The journalist looked doubtful. 'Now, Professor, he said, 'tell me this. Is it a fact that you have refused to take any fee for the work you are doing, if you don't mind my asking?

'It is not, said Professor Silenus.

'Peer's Sister‑in‑Law Mansion Builder on Future of Architecture, thought the journalist happily. 'Will machines live in houses? Amazing forecast of Professor-Architect.

Professor Silenus watched the reporter disappear down the drive and then, taking a biscuit from his pocket, began to munch.

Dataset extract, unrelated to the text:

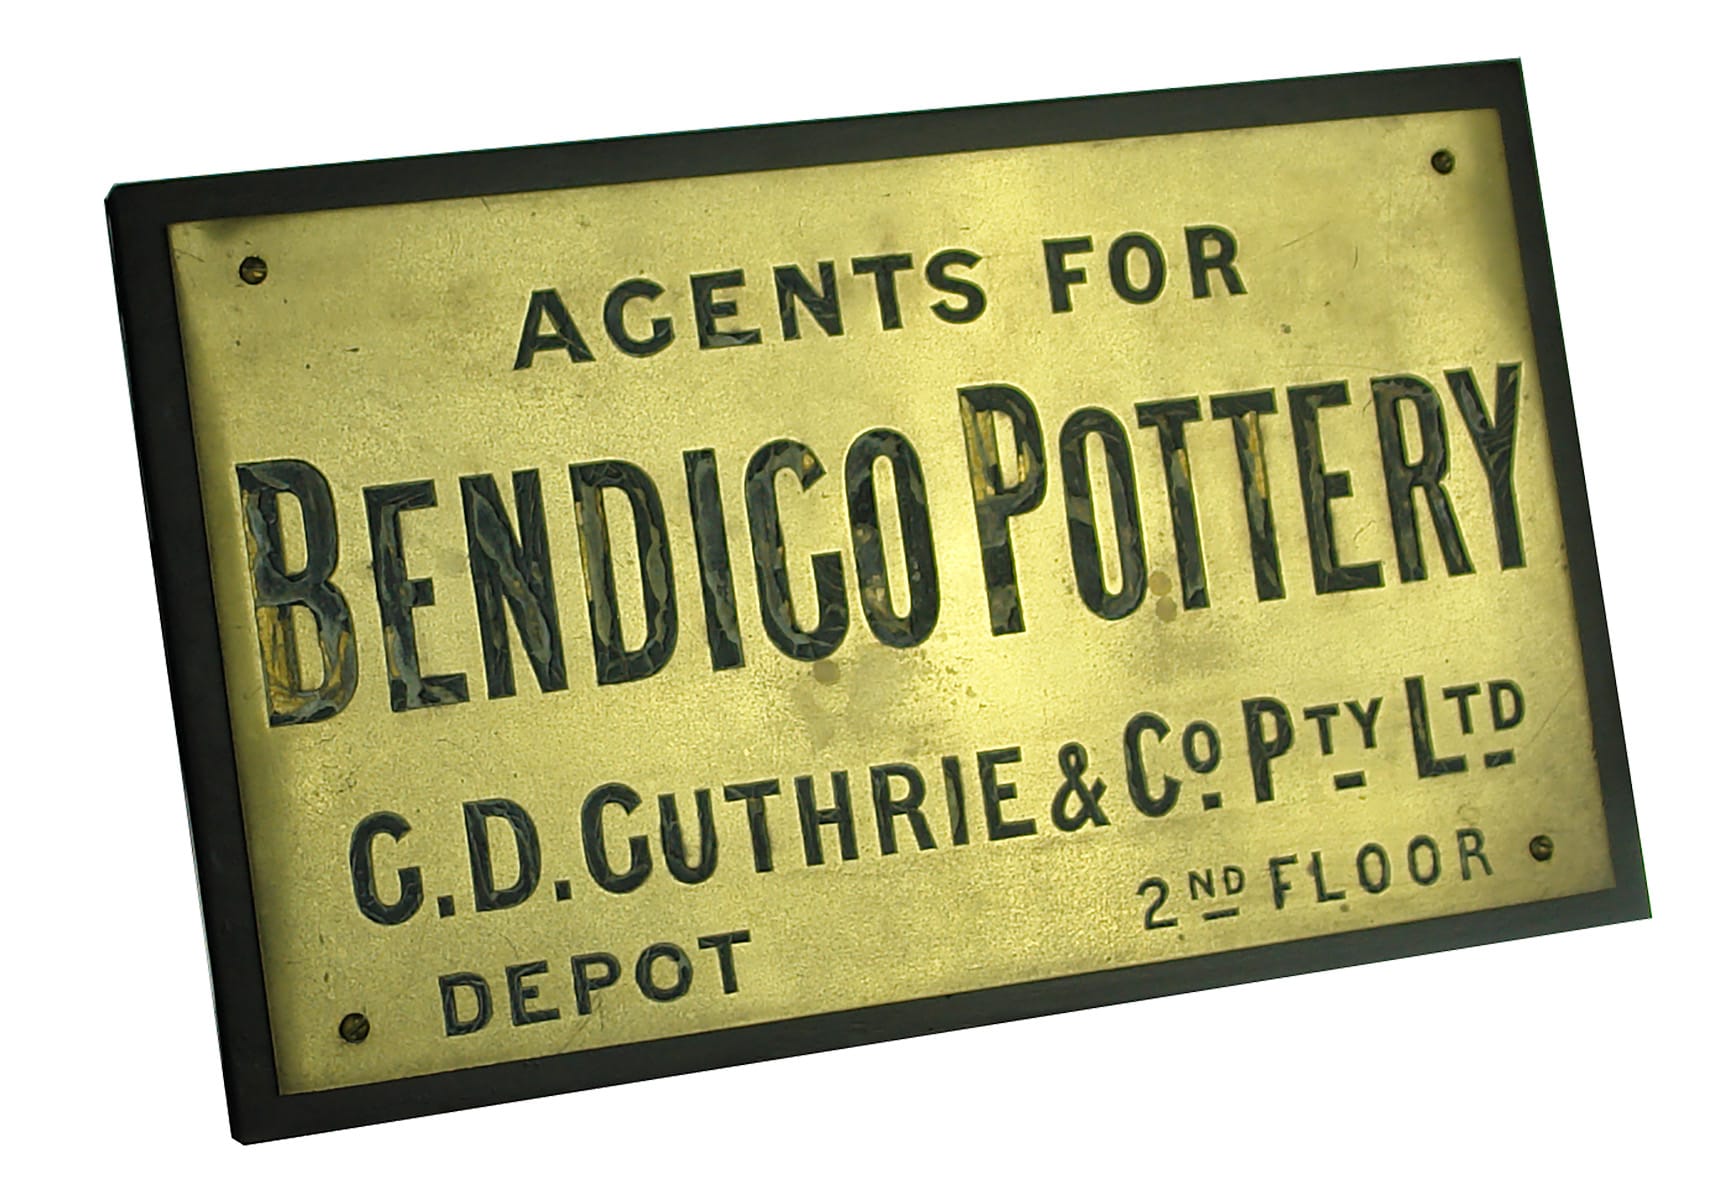 Bendigo Pottery Guthrie Depot Original Brass Sign

'I suppose there ought to be a staircase, he said gloomily. 'Why can't the creatures stay in one place? Up and down, in and out, round and round! Why can't they sit still and work? Do dynamos require staircases? Do monkeys require houses? What an immature, self-destructive, antiquated mischief is man! How obscure and gross his prancing and chattering on his little stage of evolution! How loathsome and beyond words boring all the thoughts and self‑approval of his biological by-product! this half‑formed, ill‑conditioned body! this erratic, maladjusted mechanism of his soul: on one side the harmonious instincts and balanced responses of the animal, on the other the inflexible purpose of the engine, and between them man, equally alien from the being of Nature and the doing of the machine, the vile becoming!

Two hours later the foreman in charge of the concrete-mixer came to consult with the Professor. He had not moved from where the journalist had left him; his fawn-like eyes were fixed and inexpressive, and the hand which had held the biscuit still rose and fell to and from his mouth with a regular motion, while his empty jaws champed rhythmically; otherwise he was wholly immobile.